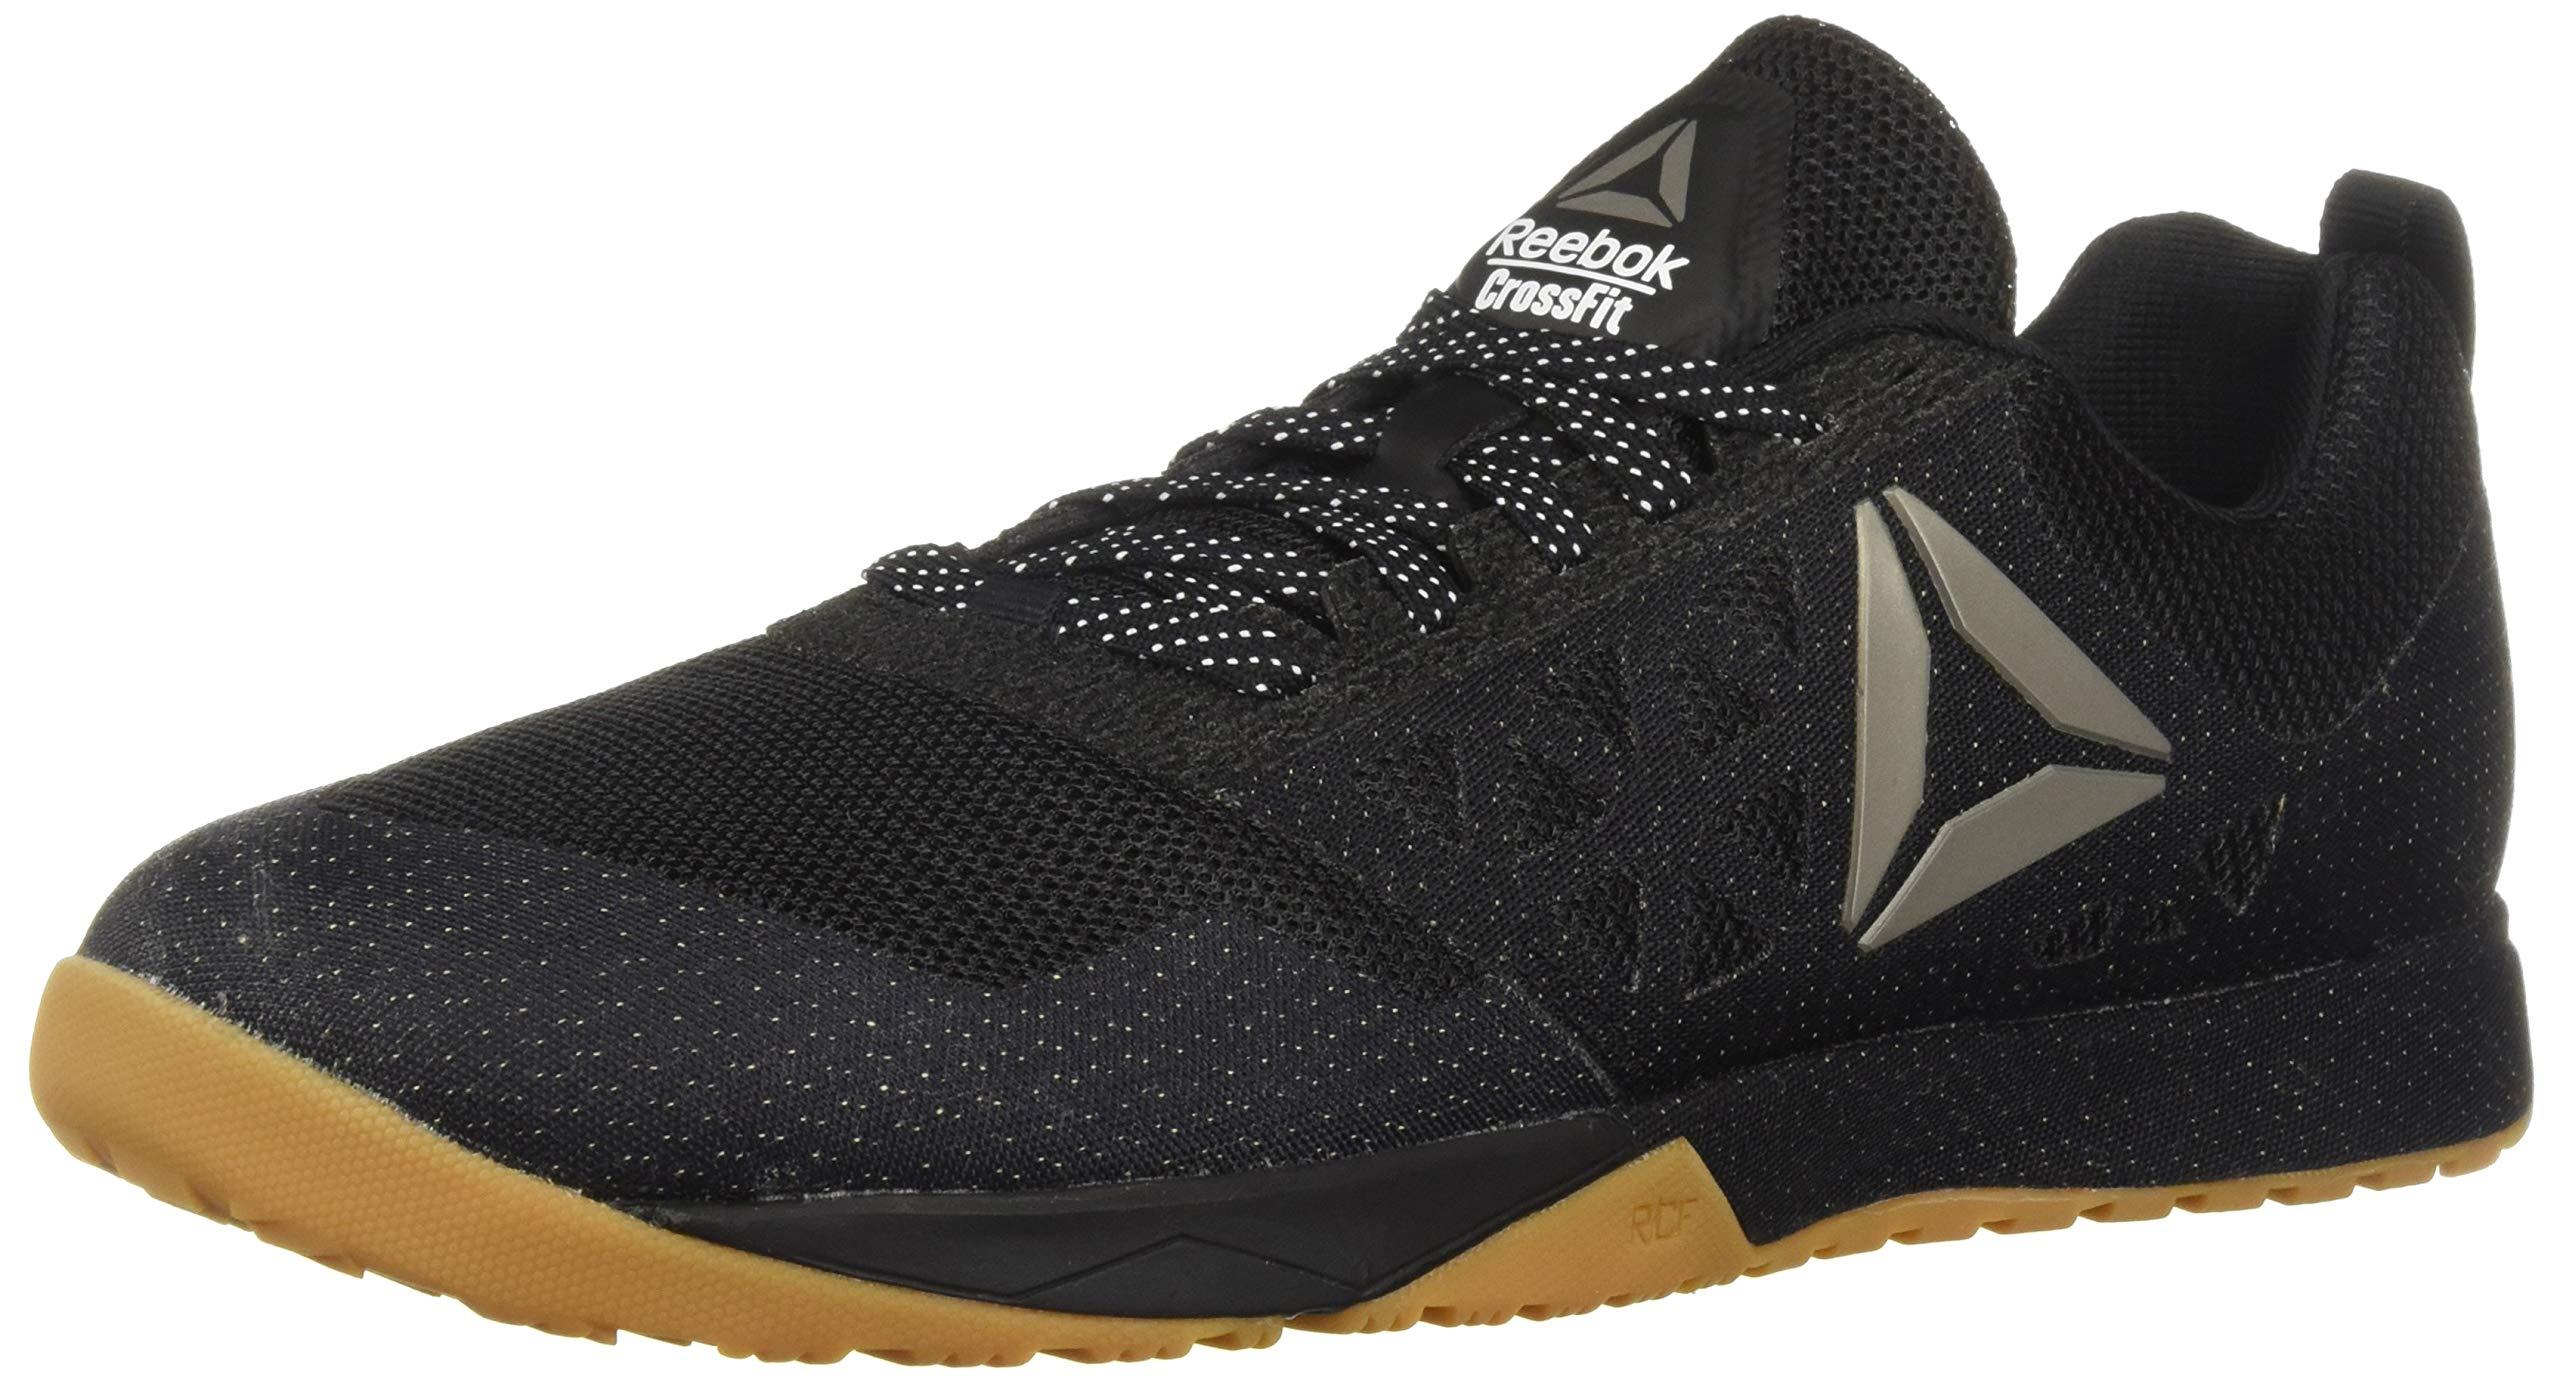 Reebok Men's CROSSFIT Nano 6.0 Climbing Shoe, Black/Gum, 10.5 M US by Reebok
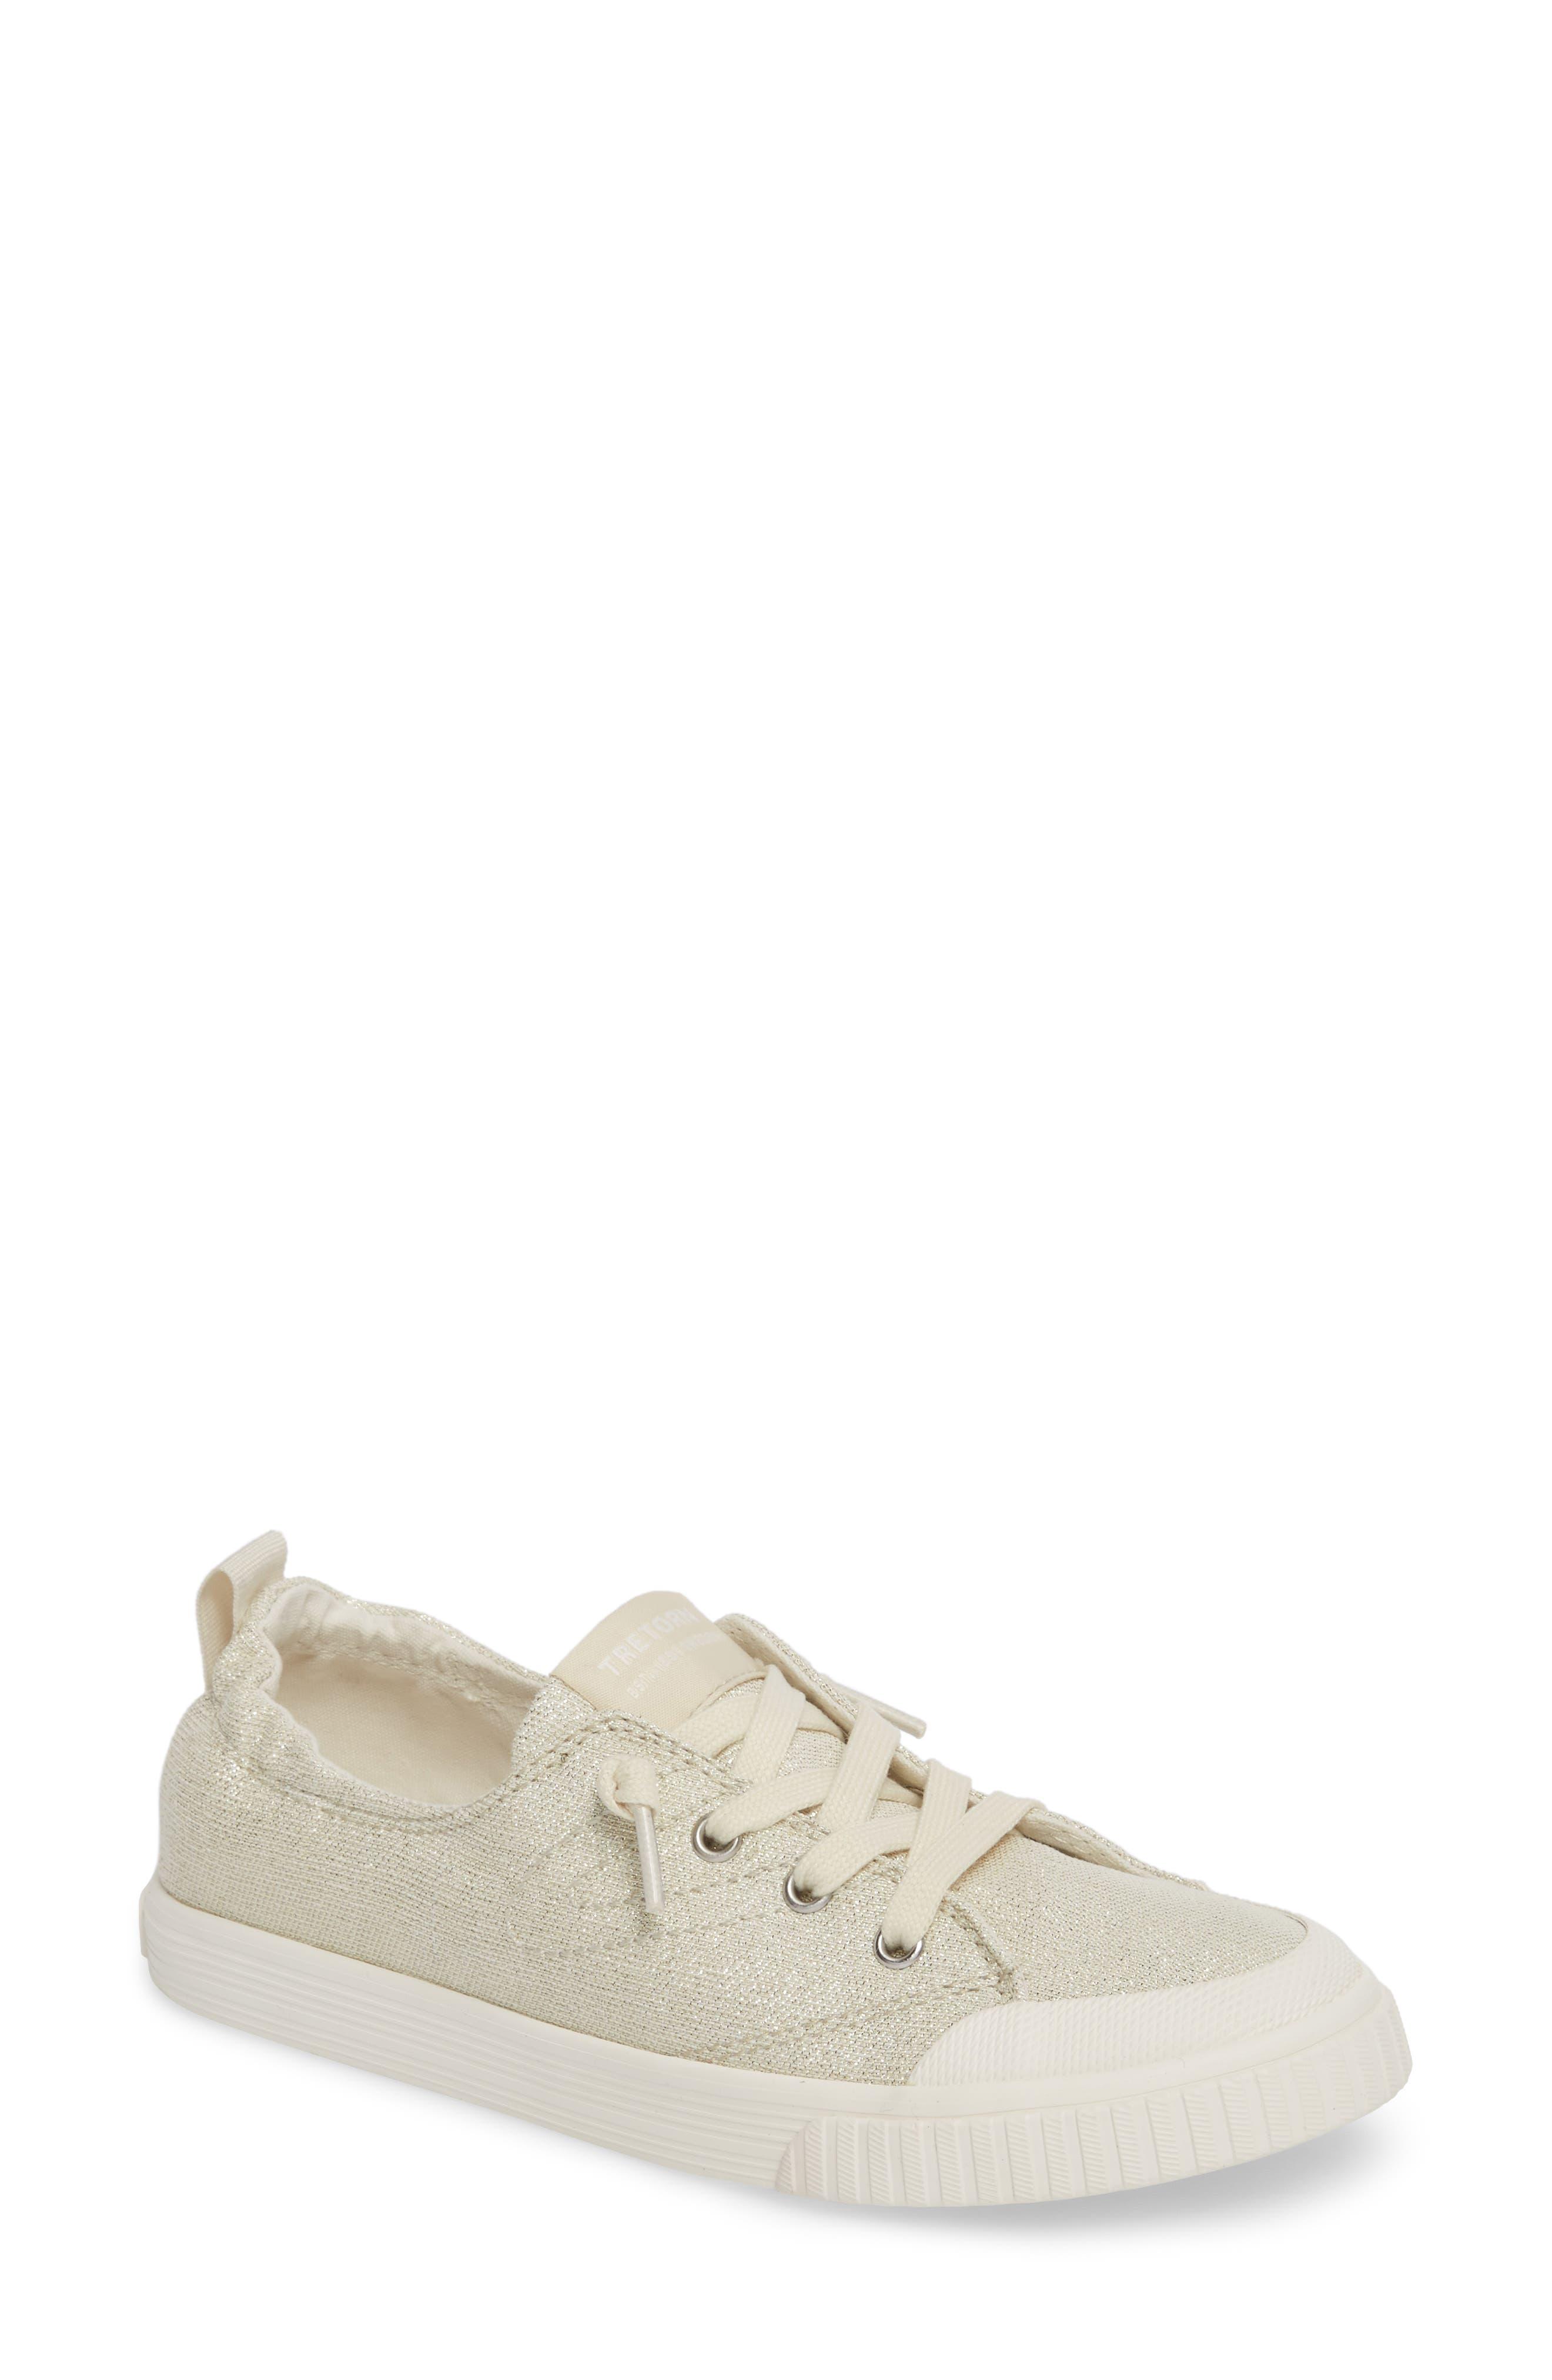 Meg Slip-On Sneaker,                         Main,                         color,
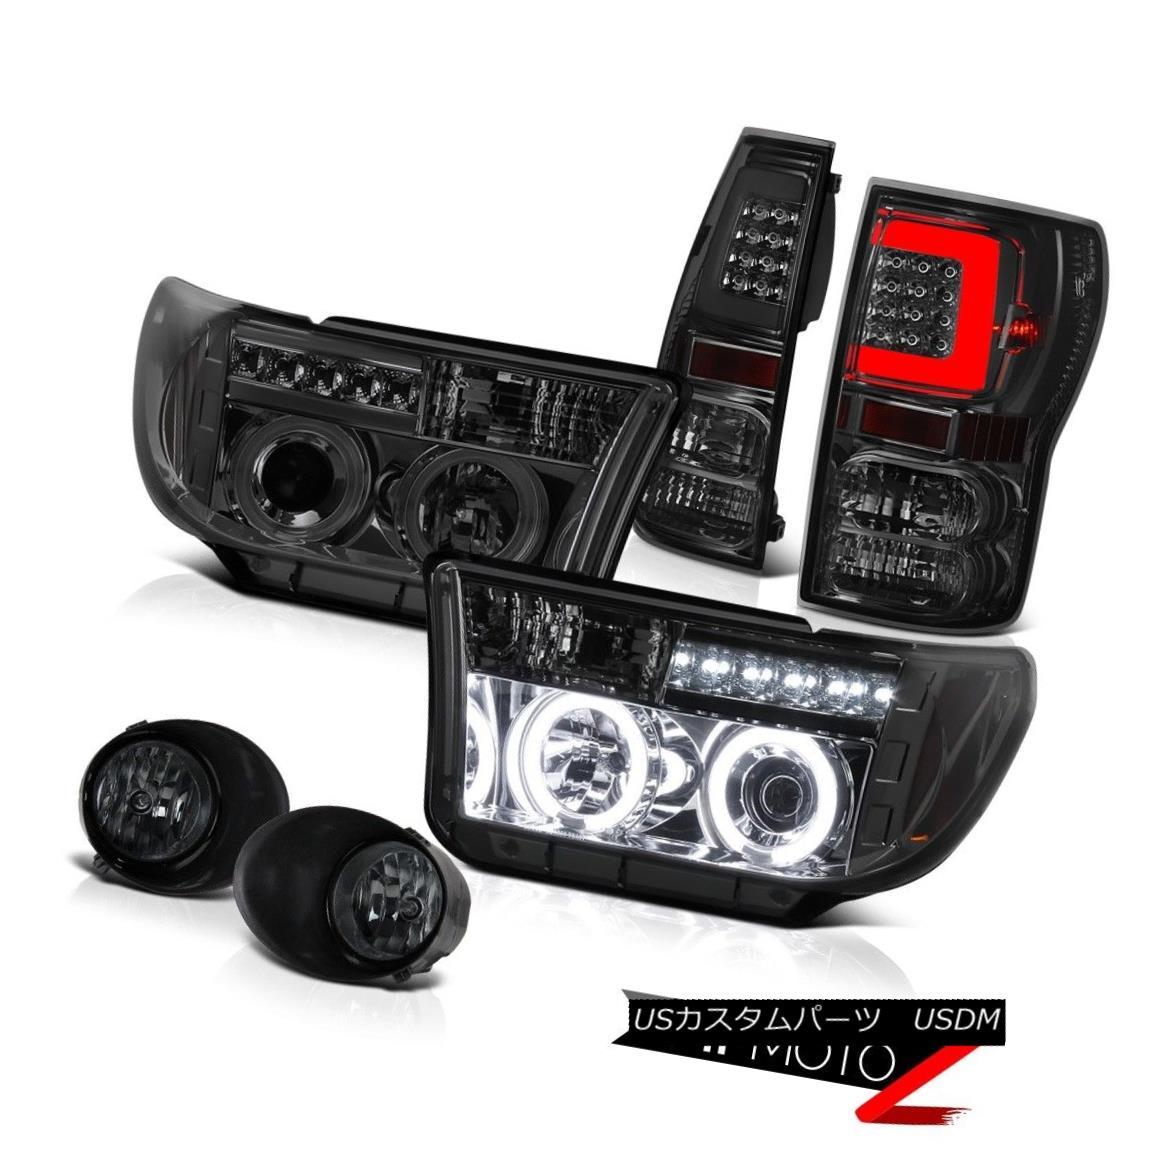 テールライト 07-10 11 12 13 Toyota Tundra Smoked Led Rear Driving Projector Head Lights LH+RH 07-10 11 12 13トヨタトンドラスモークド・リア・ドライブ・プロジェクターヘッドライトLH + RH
......
**Exercise:** Reproduce the material word for word. Skip every picture it holds.

**Response to the exercise:**
 Reebok Men's CROSSFIT Nano 6.0 Climbing Shoe, Black/Gum, 10.5 M US by Reebok
 Meg Slip-On Sneaker,                         Main,                         color,
 テールライト 07-10 11 12 13 Toyota Tundra Smoked Led Rear Driving Projector Head Lights LH+RH 07-10 11 12 13トヨタトンドラスモークド・リア・ドライブ・プロジェクターヘッドライトLH + RH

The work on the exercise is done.